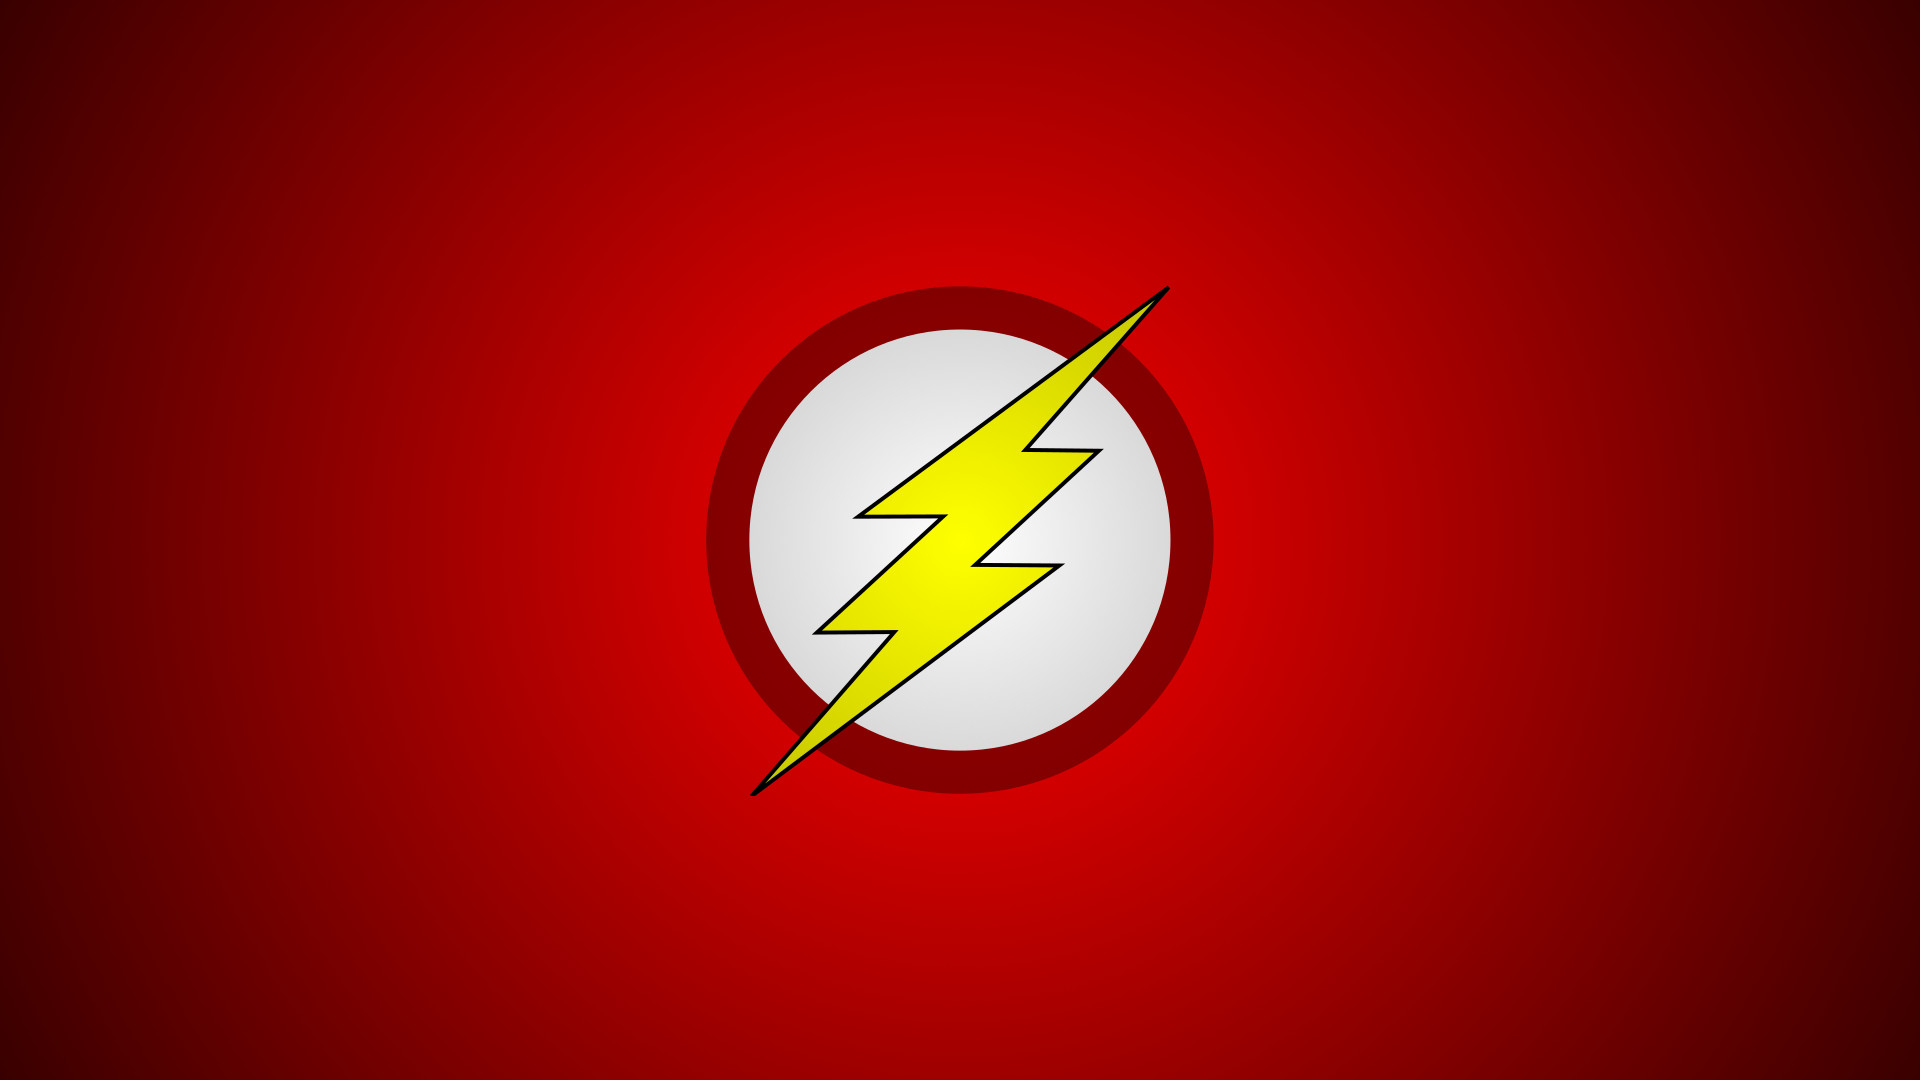 reverse flash wallpaper iphone,red,logo,yellow,font,graphic design
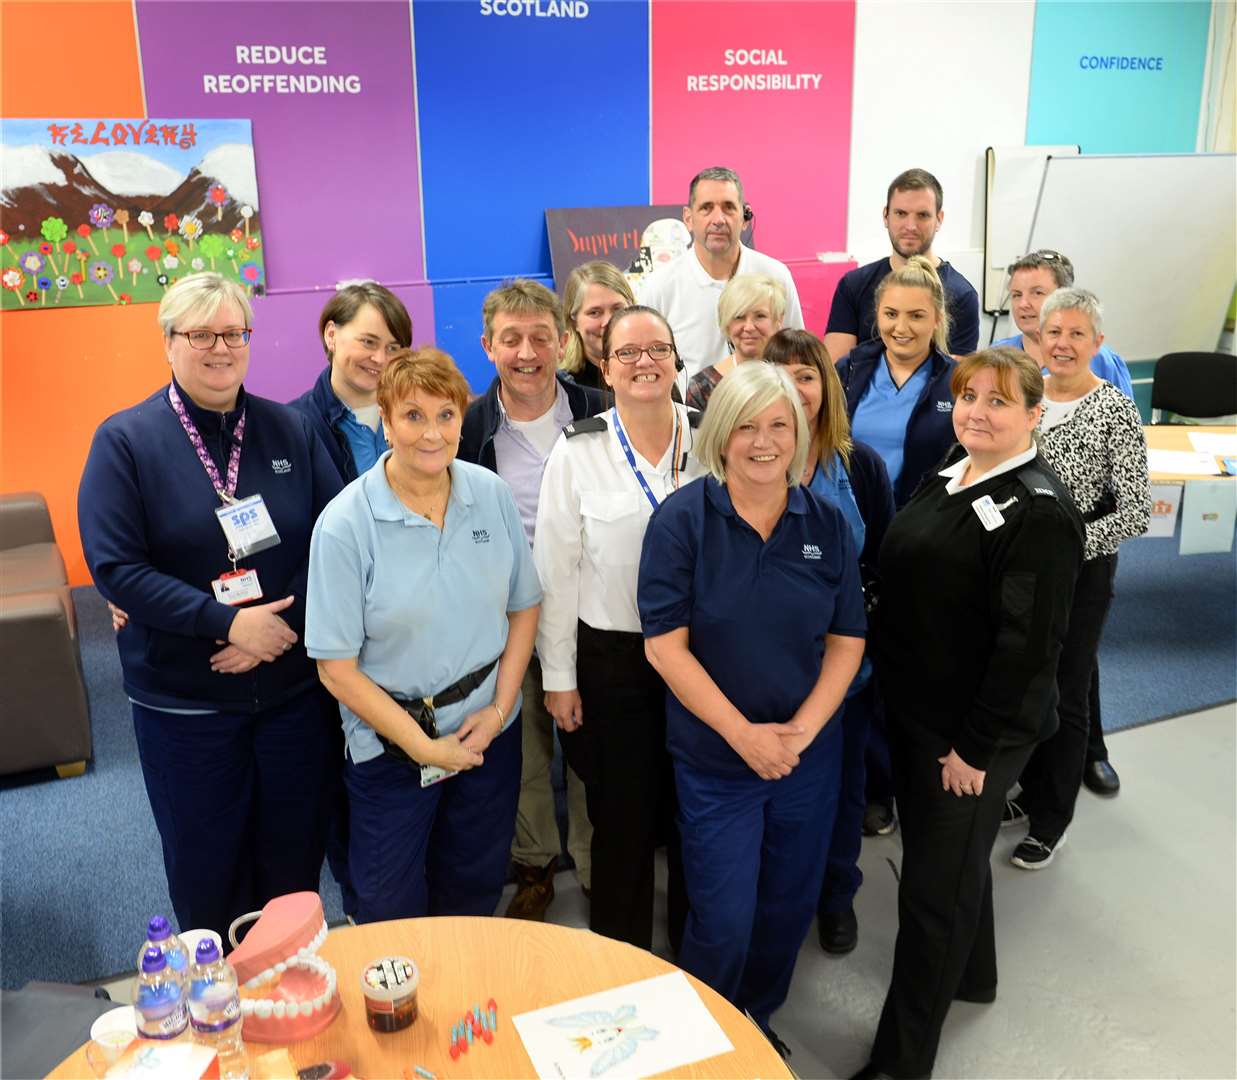 A health and wellbeing day at Inverness Prison offered advice from the NHS, Salvation Army, Scottish Prison Service and LGOWIT group for people living with long-term conditions.
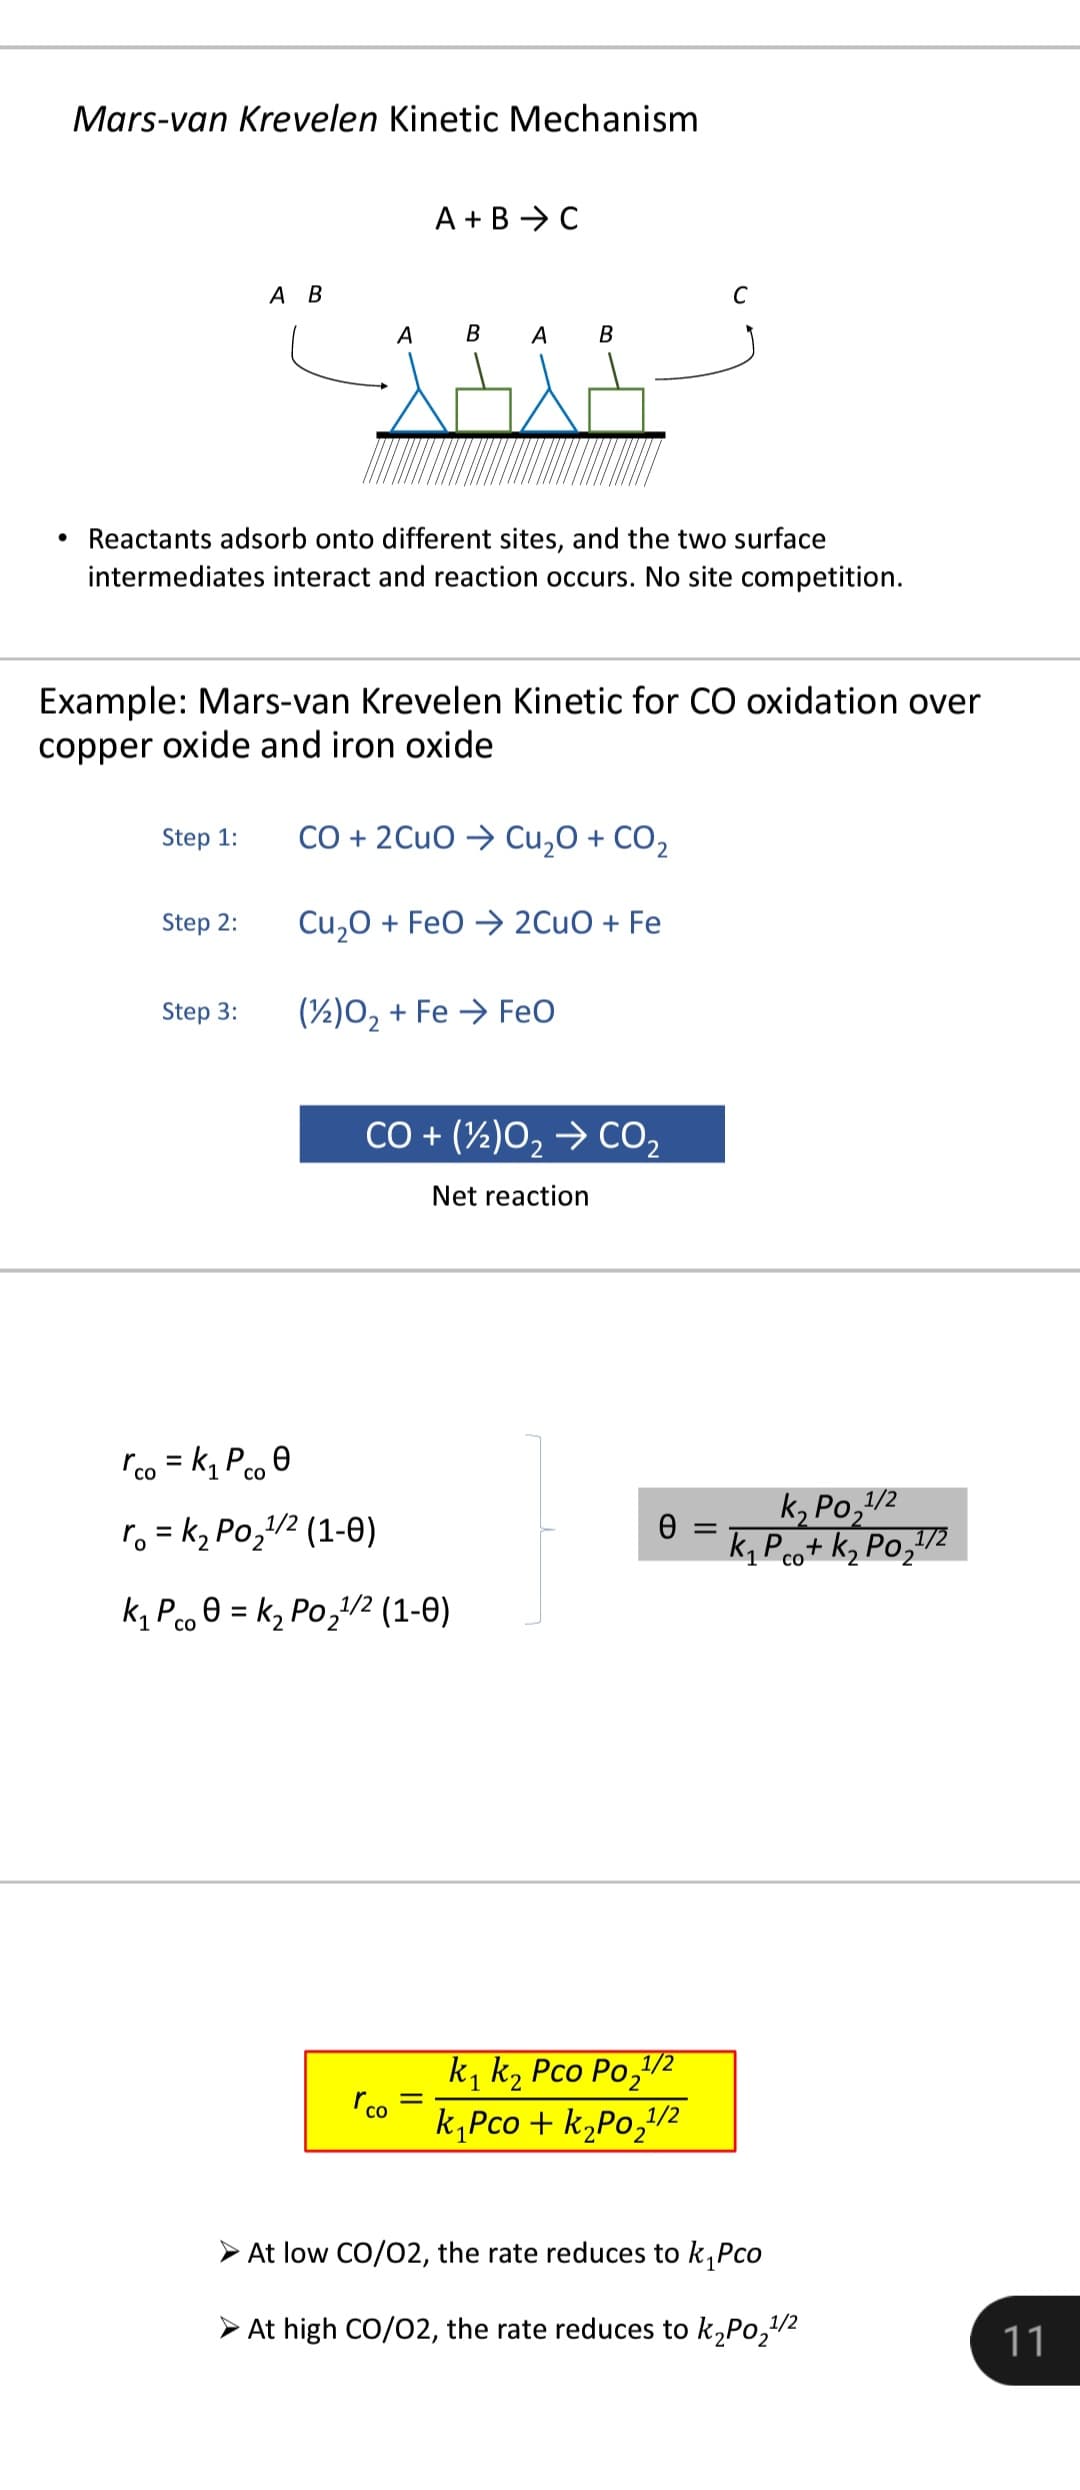 ●
Mars-van Krevelen Kinetic Mechanism
Step 1:
A B
Reactants adsorb onto different sites, and the two surface
intermediates interact and reaction occurs. No site competition.
Step 2:
Example: Mars-van Krevelen Kinetic for CO oxidation over
copper oxide and iron oxide
Step 3:
A B A B
A + B → C
CO + 2 CuO → Cu₂O + CO₂
Cu₂O + FeO
2CuO + Fe
(12)O₂+ Fe FeO
rco = k₁ Pco Ⓒ
со
r = K₂Po₂¹/² (1-0)
CO + (½)O₂ → CO₂
Net reaction
K₁ Pcok₂ Po₂¹/2² (1-0)
=
r co
=
k₁ k₂ Pco Po,1/2
k₁pco + k₂Po₂¹/2
=
¹1/2
k₂Po₂¹
K₂Po+k₂Po₂¹/2
At low CO/02, the rate reduces to k₁pco
➤ At high CO/O2, the rate reduces to k₂Po₂¹/2
11

------------------------

* **TO DO**: All lines from the line holding "At low CO/02, the rate reduces to k₁pco" through the end of the records above need to be transcribed exactly, and no other text should appear.

* **ANSWER FOR THIS EXERCISE**:
At low CO/02, the rate reduces to k₁pco
➤ At high CO/O2, the rate reduces to k₂Po₂¹/2
11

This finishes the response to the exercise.